Нина смотрела на оживлённые лица девочек, на смеющегося старичка и завидовала. Любят его! Не очень, видно, грамотный, но он знал что-то такое, чему её не научили в институте.

…К работе приступили в тот же вечер. Нина ходила по коровнику и с удивлением наблюдала, как ловко управляются девочки. Тоненькие струйки молока звонко дзинькали о дно подойника. Коровы стояли смирно и без всякого аппетита, механически жевали толстые стебли камыша.

— Ох, бедные! — вздыхала тётя Клаша, поглаживая коров по унылым мордам. — Потерпите, потерпите, совсем уж теперь недолго осталось. Весна!

Молока было мало — что коровы могли дать с сухого камыша и соломы? Девочки принялись за уборку помещений. Нина чувствовала себя посторонней и ненужной. Люди заняты своим делом, совсем взрослые, сознательные люди. Никого не надо подгонять, понукать. Зачем она поехала с ними? Назначили бы старшей Олю, она вполне бы управилась.

На обратном пути Ася вдруг спросила:

— Нина Павловна, а платить нам будут? Или опять как в прошлом году?

— А как было в прошлом году?

— Да так, дармовая рабочая сила.

— Ну, не совсем, — вмешалась Оля. — Нас ведь кормили.

— Всё равно мы намного больше заработали. Всех доярок в отпуск пустили. Одни мы с тётей Клашей.

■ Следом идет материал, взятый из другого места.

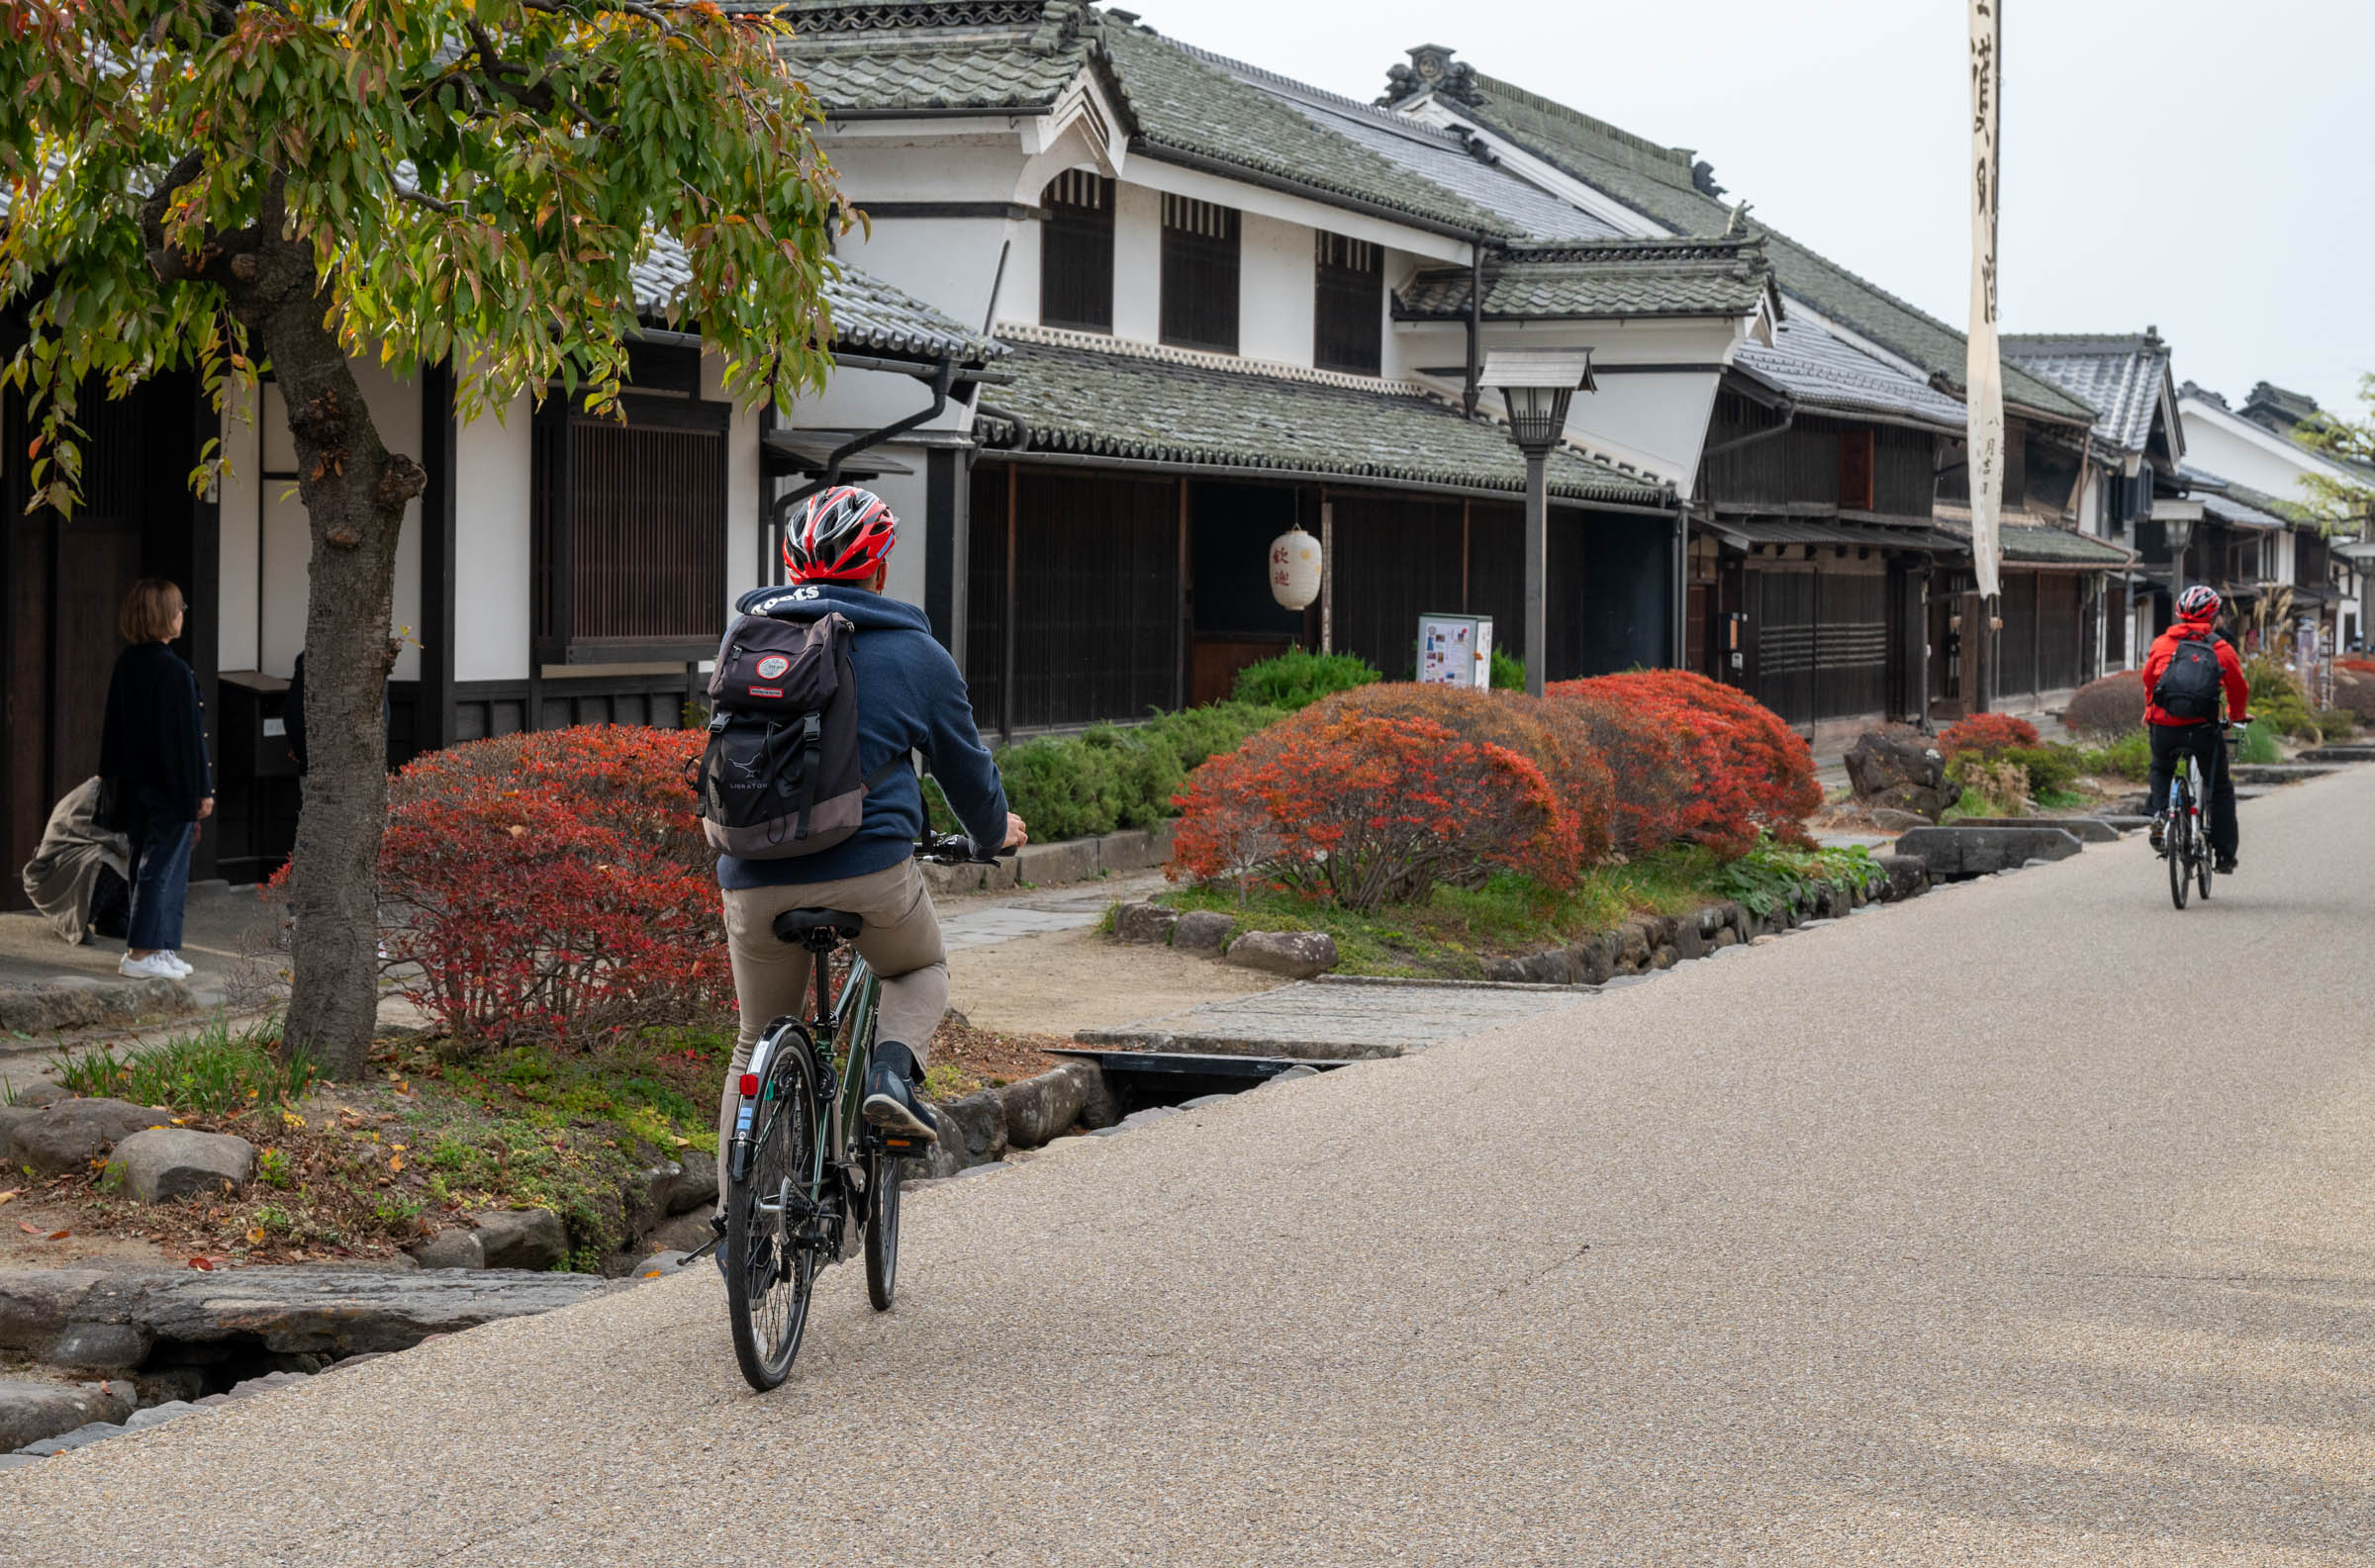 【信浓铁路的自行车列车】 畅游轻井泽，寻觅历史痕迹的自行车之旅

— И управились, — поддержали Асю другие девочки.

— Ещё как управились! Благодарность объявили.

— Благодарность объявили, а денег не дали.

— Мальчишки, так те за практику по двадцать рублей привезли.

— Больше! Вон Лешка — тридцать два!

— Ну, пусть даже по двадцать.

— А мы, выходит, всё прожрали, — грубовато заключила Ася. — Что мы — в три горла?

— Ладно, девочки, хватит! — немного резко остановила их Нина и, чуть помедлив, добавила мягче: — Завтра пойду с бригадиром в правление и сама всё узнаю.

Как ни хотела она избежать мелочных денежных дел, а приходилось всё-таки впутываться, и это слегка раздражало. Но, с другой стороны, Нина была рада. Вот и ей нашлась хоть какая-то работа.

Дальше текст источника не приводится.